Sheehan, president and CEO of Sandwich, Mass.-based Cape Medical Supply is himself a survivor of Hodgkin's lymphoma and has lost loved ones, including his father Mark, to cancer.

“It's a special weekend for survivors and people impacted by cancer, which is pretty much everybody,” he said of the Aug. 3-4 bike-a-thon. “From opening night to people on the side of the road yelling 'thank you,' everyone has a heart-wrenching story of why do you ride?”

Sheehan, who will bike the 192-mile route from Sturbridge in central Massachusetts to Provincetown at the far tip of Cape Cod as part of the Boston Bruins Foundation team, has raised more than $7,000 toward his goal of $10,000. Overall, this year's race is expected to raise $60 million. He spoke with HME News recently about the upcoming race—his fifth.

HME News: This is a grueling bike ride. How do you manage the training?

Gary Sheehan: There's never enough time to find time to train. You have to get up early in the morning and get out there. The first day of the race is 111 miles and that's just long—it doesn't matter how much you prepare.

HME: As an HME provider, why is this ride so important to you?
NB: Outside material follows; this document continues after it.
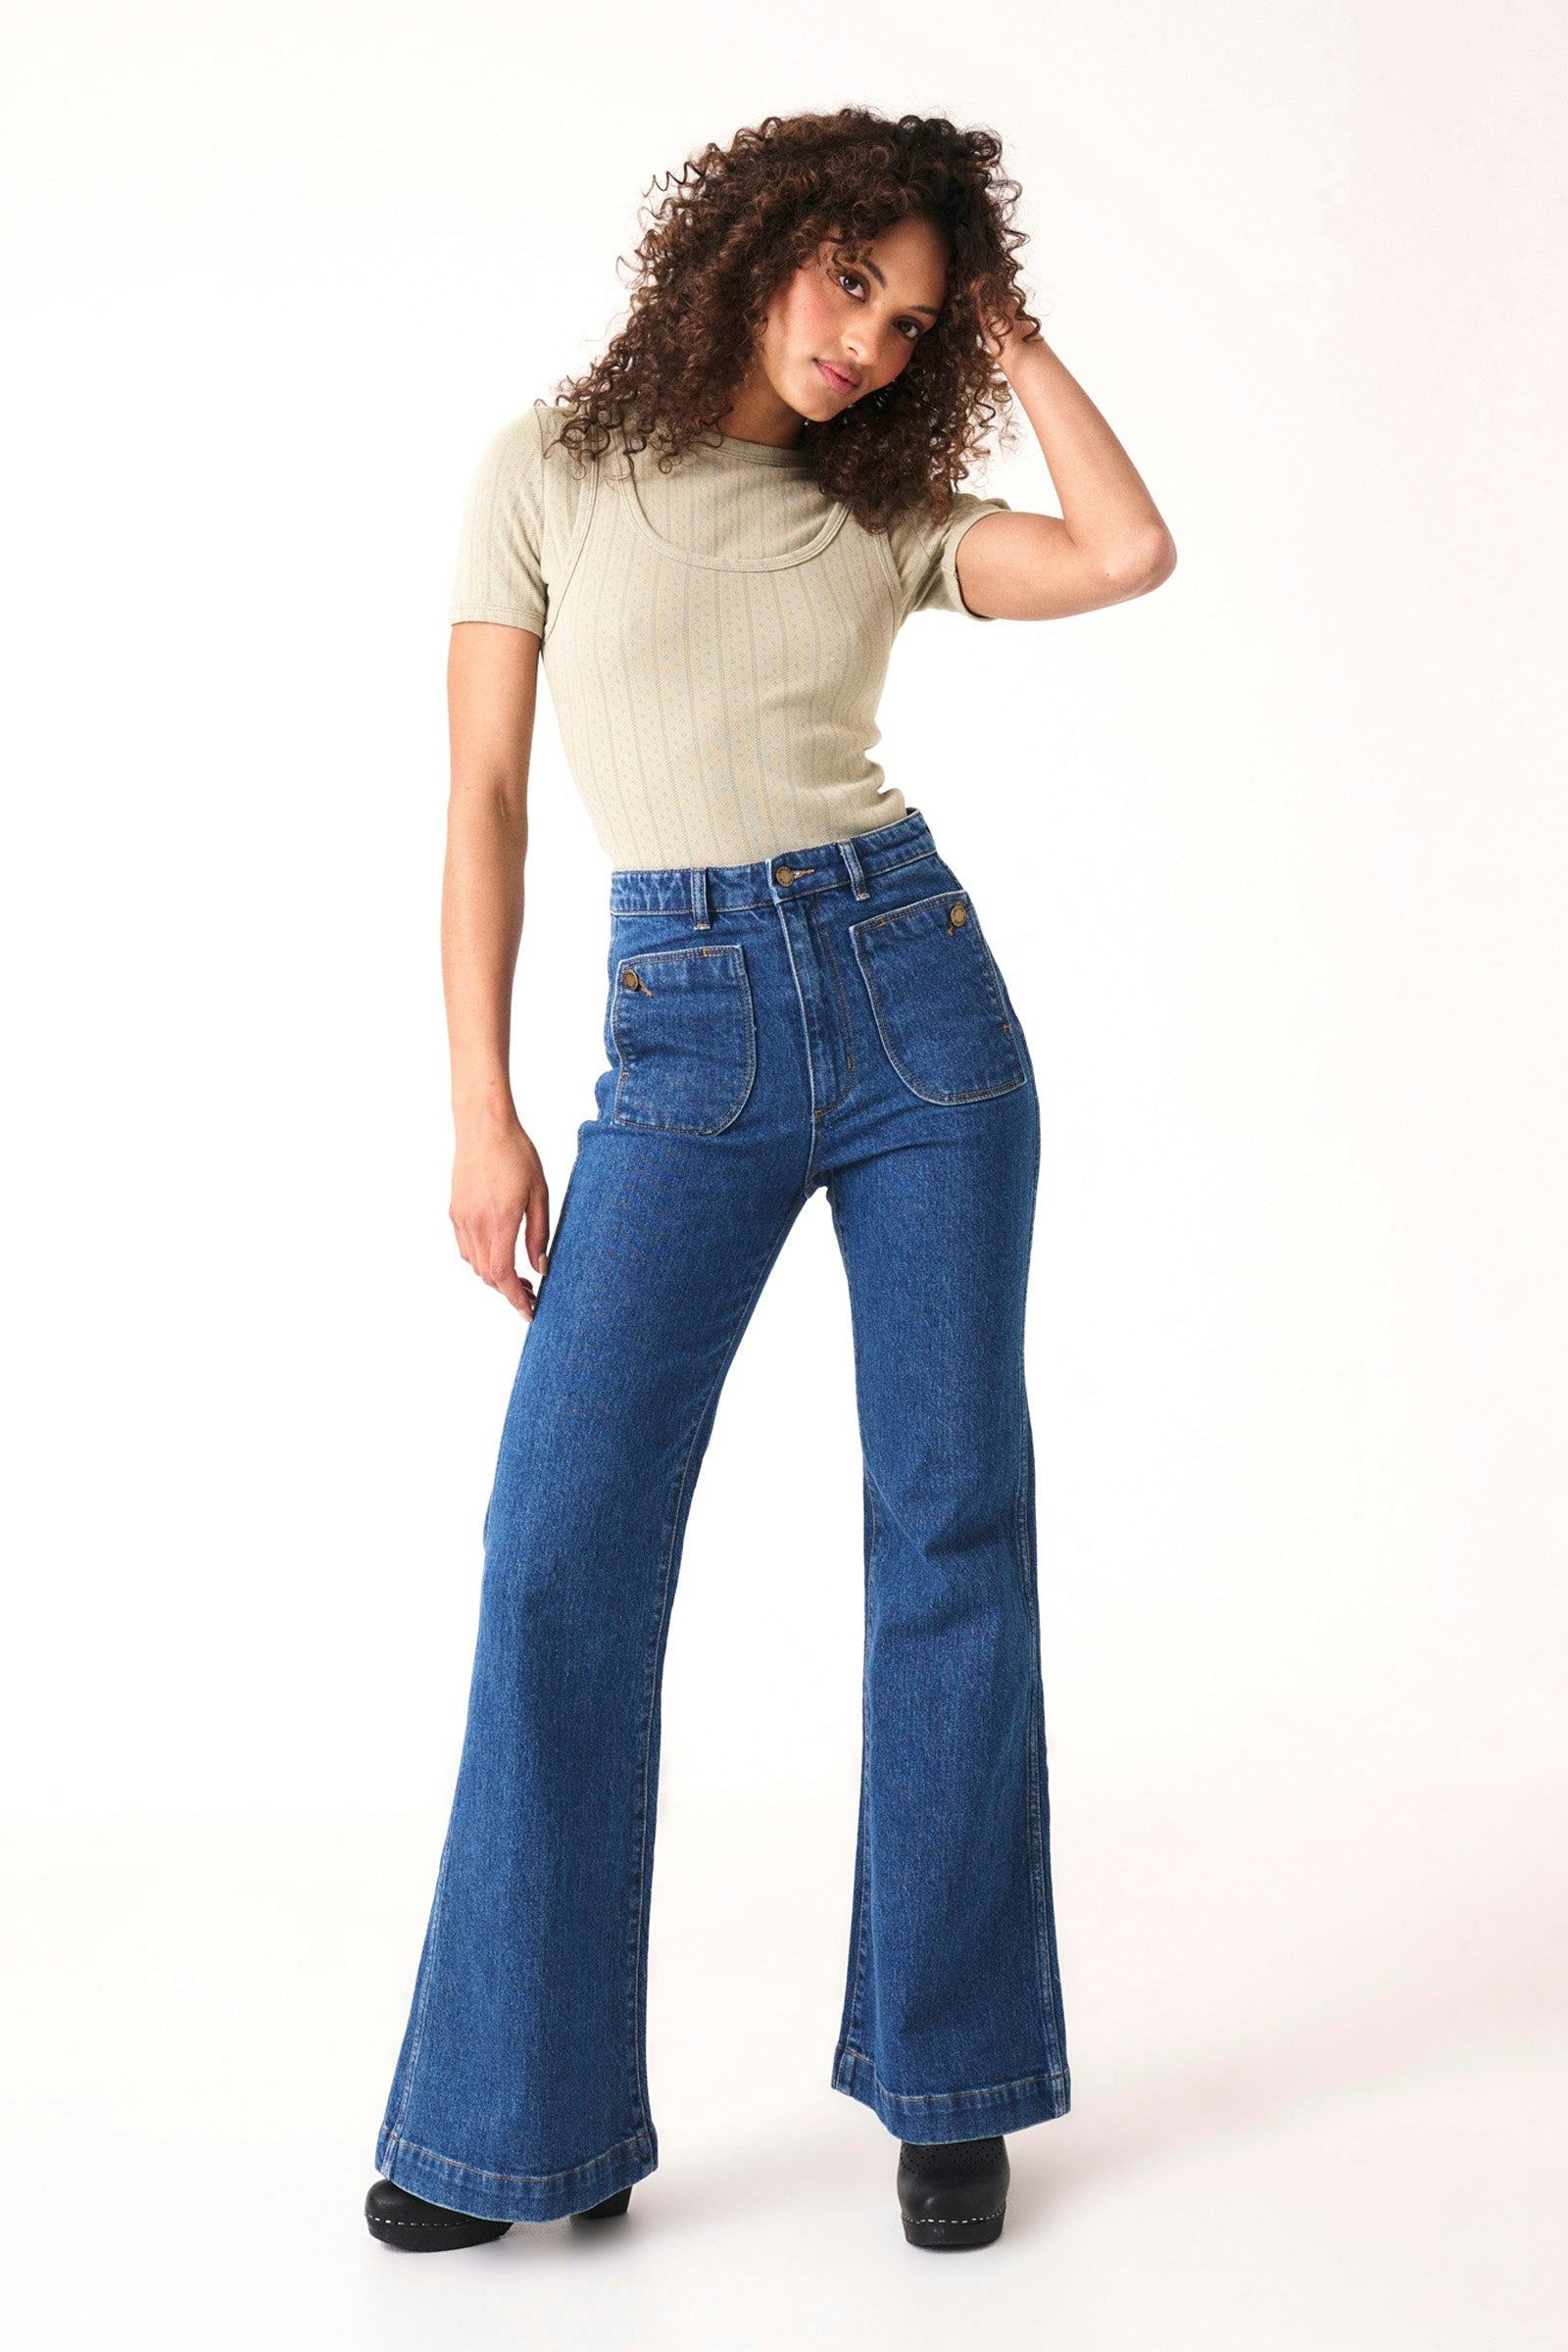 Rolla's Jeans - Vintage Inspired Denim & Denim Jeans Online

Sheehan: HME is central to caring for cancer patients, particularly at the end of life when people want to be at home, surrounded by loved ones. Without a robust, well-funded HME community, that's not really possible. I'm proud of the role our company has historically played, and of the peers and colleagues all across the U.S. for the work they do for these people.

HME: The industry recently lost Karyn Estrella to pancreatic cancer and you have a reminder of her on your bike.

Sheehan: My first ride after I put her initials on my bike, I crashed for the first time ever—we didn't get off to a good start. But now, on those long hot training days, when I'm struggling up a hill, I'll look down and see that purple “KE” and it reminds me of Karyn and the better days we had together. I feel like she's riding with me.